One thing that gets pushed aside in the planning, arranging and settling in a new city is the piece about making friends and feeling a part of your new community. I've often met with clients who complain of lonliness and difficulty of meeting new people whether they are new to a city or not.
I've spent time in Seattle, Bellingham, Baltimore, Edmonton and Victoria. I've lived for two to five years in each of these places and have through the process of moving and starting over formed some ideas about how to have a successful move. What follows are my personal opinions on what to try when moving.
1. Be proactive - Consider it to be a "job" to meet people and to get to know your community.
2. Introduce yourself - Take any opportunity to say hello and introduce yourself especially in your neighbourhood. If you are having a casual conversation with someone, tell them you just moved here and introduce yourself.
3. Shop locally - Go for local. If you are looking for a coffee shop or a dry cleaners or a hair salon, try the one in your community first. Then, introduce yourself and frequent it. If it is a coffee shop, go back. People start to remember you. And remembering you will help with them considering you a part of their community. As the customer, it feels good to have your shops know you.
4. Say yes - When people invite you to something, accept! Don't be picky. This is the time to meet as many people as possible. You may have to push outside of your comfort zone but this is how you meet people.
5. Volunteer - Find something in your new community to help out with.
6. Join a group - Whatever your passion is, find others and join in! If you are a bike rider, join a bike group. If you are a jogger, join a runner's group.
7. Meet friends' friends - If a friend says, "you should meet this friend of mine that also lives in your city," accept the offer and contact that person. Again, be pro-active. Be the one to make the first phone call or send the first email.
8. Be the first to invite others' over - Host! Or, at least be in charge of making invitations for others.
9. Get to know your co-workers - take the time to chat with your co-workers and get to know them a bit. As the new person, you have more at stake then they do. Work is also a mini-community in itself. So, if there are committees, join them. If a group goes for lunch, join in. Again, be the one to make the effort.

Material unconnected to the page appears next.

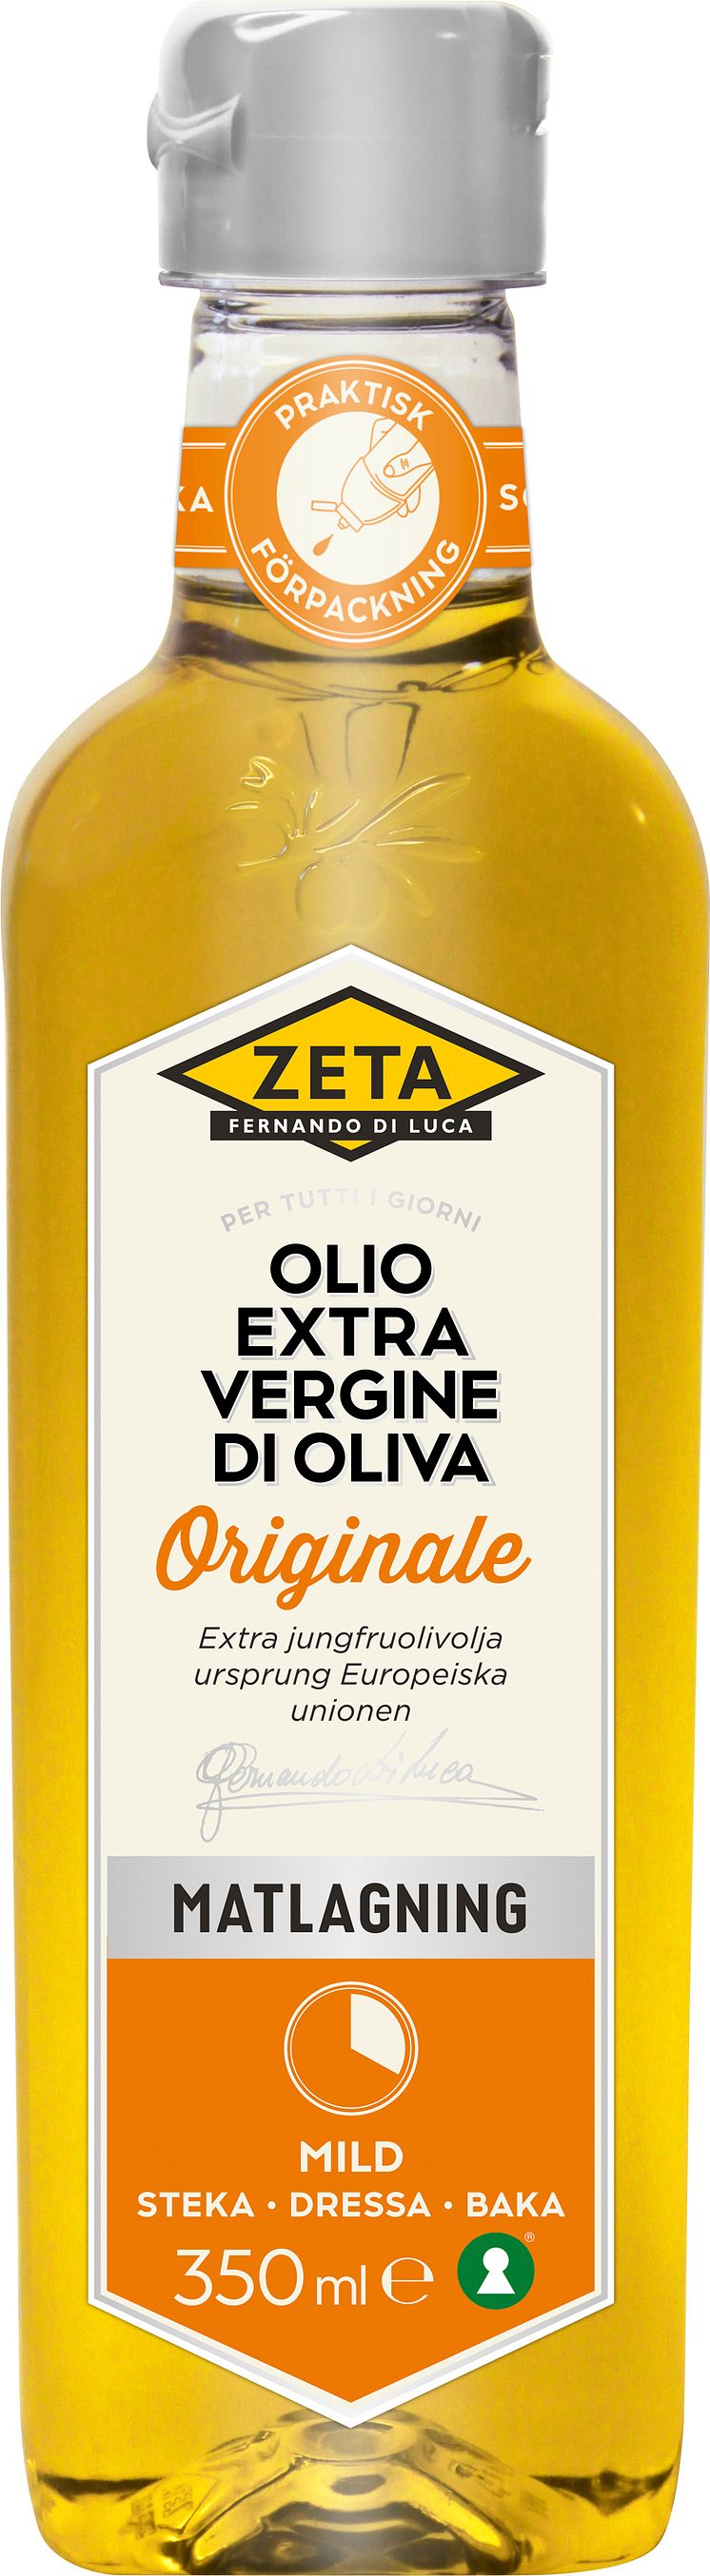 Produktbild Zeta Orginale Squeeze 350 ml

10. Prepare yourself for some rejection - Not everyone will want to meet you or care that you have moved to their neighborhood. Some people will give you the cold shoulder. So, you move on and keep finding other people.
11. Give yourself at least one year to start to feel at home - Seriously. It takes a lot of time to feel at home. Until the year is up, keep an open-mind.

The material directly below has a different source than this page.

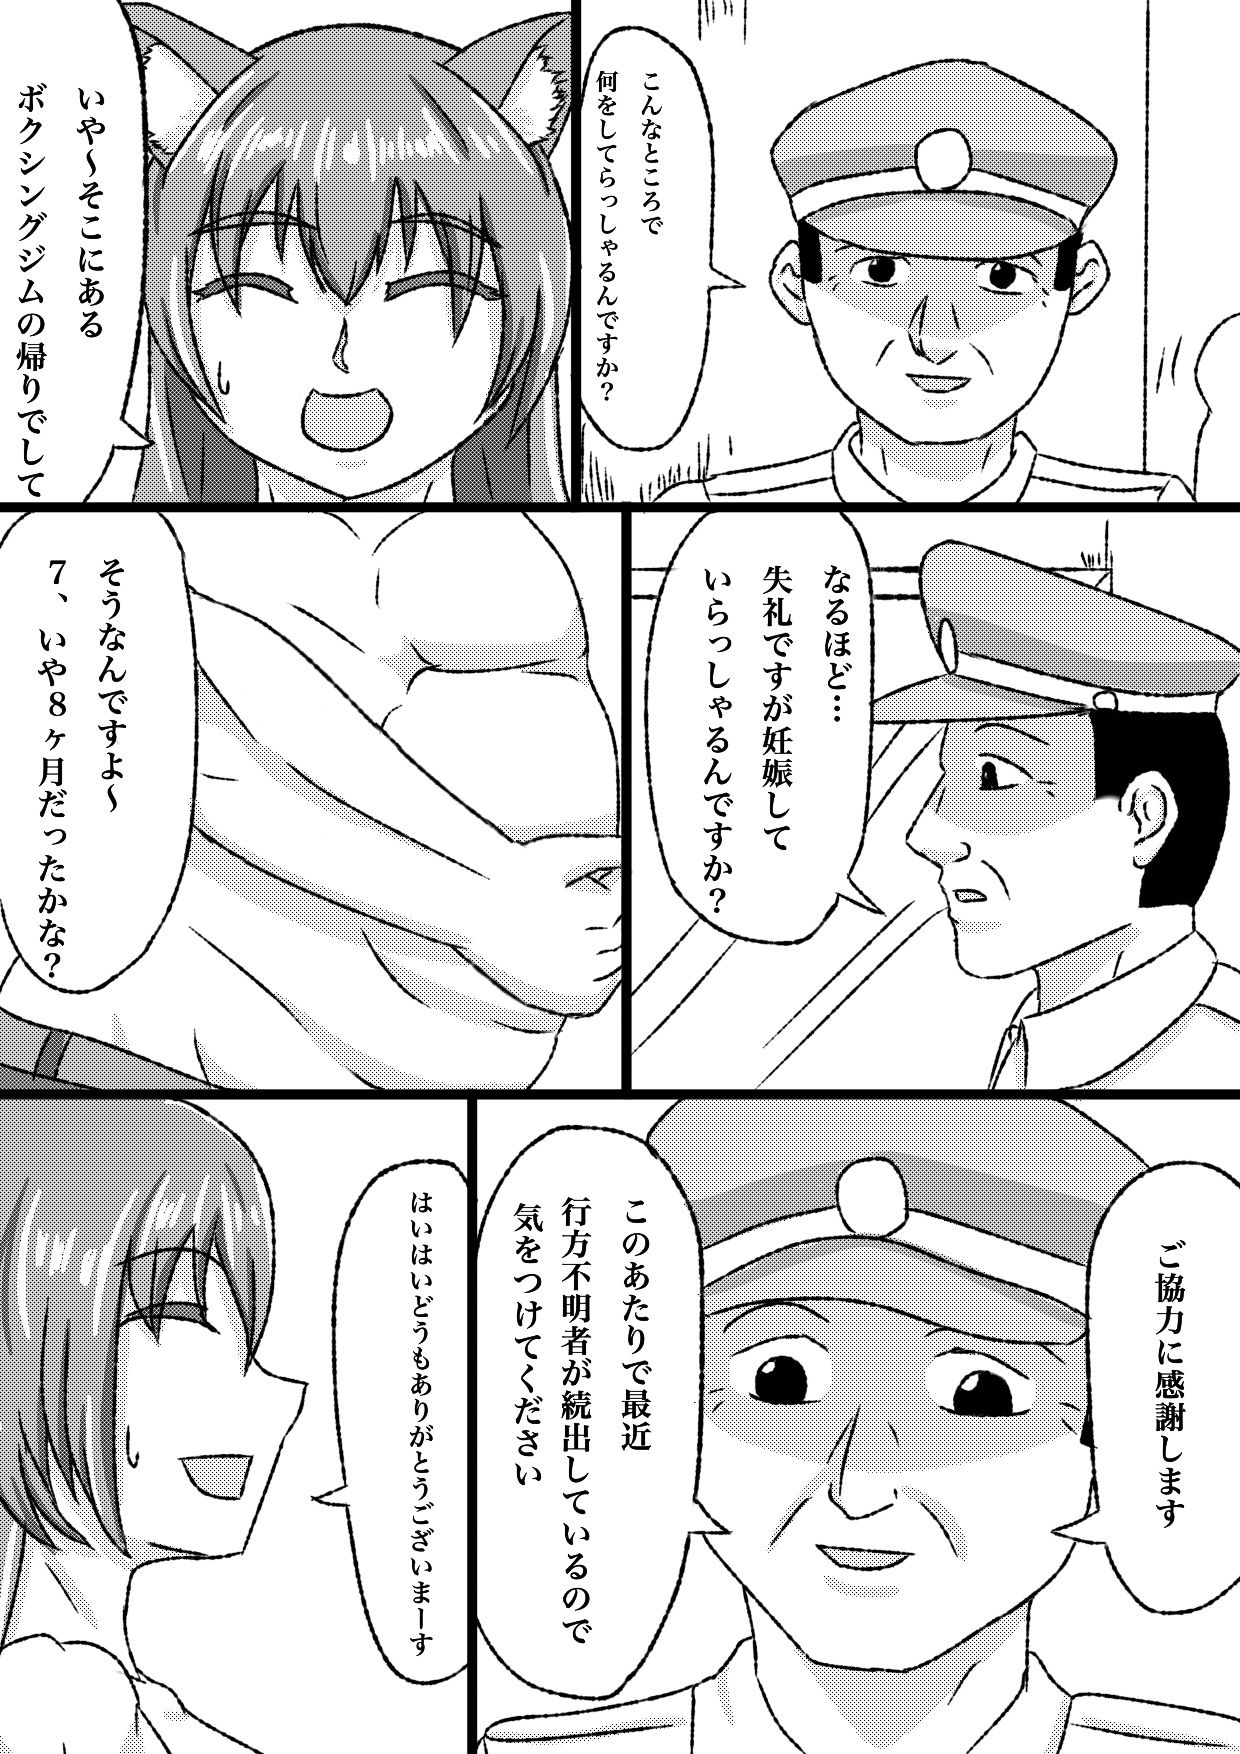 [kuzu] uchi no ko marunomi manga [kuzu] うちの子丸呑み漫画

12. Stay in your community - This is especially true if you are nearby your old neighborhood and friends. It is easy to just return to what is easy. But try to stay in your new community. Explore, walk the streets, ask others for tips on their favorite spots. Try not to flee back to your old community.
13. Read the local paper, listen to the local news - Again, it is tempting to stay connected to your old community but try to fully immerse yourself in your new city/home.
14. Look at events pages of the news, magazines, flyers on telephone poles and in coffee shops and go to some events.
15. Students - Join study groups, activity groups, find a hobby on campus. Sit by someone that looks interesting in class and talk to them. Introduce yourself to your teachers (this is helpful for many other reasons as well).
Ultimately, you have to find what works best for yourself. Good luck.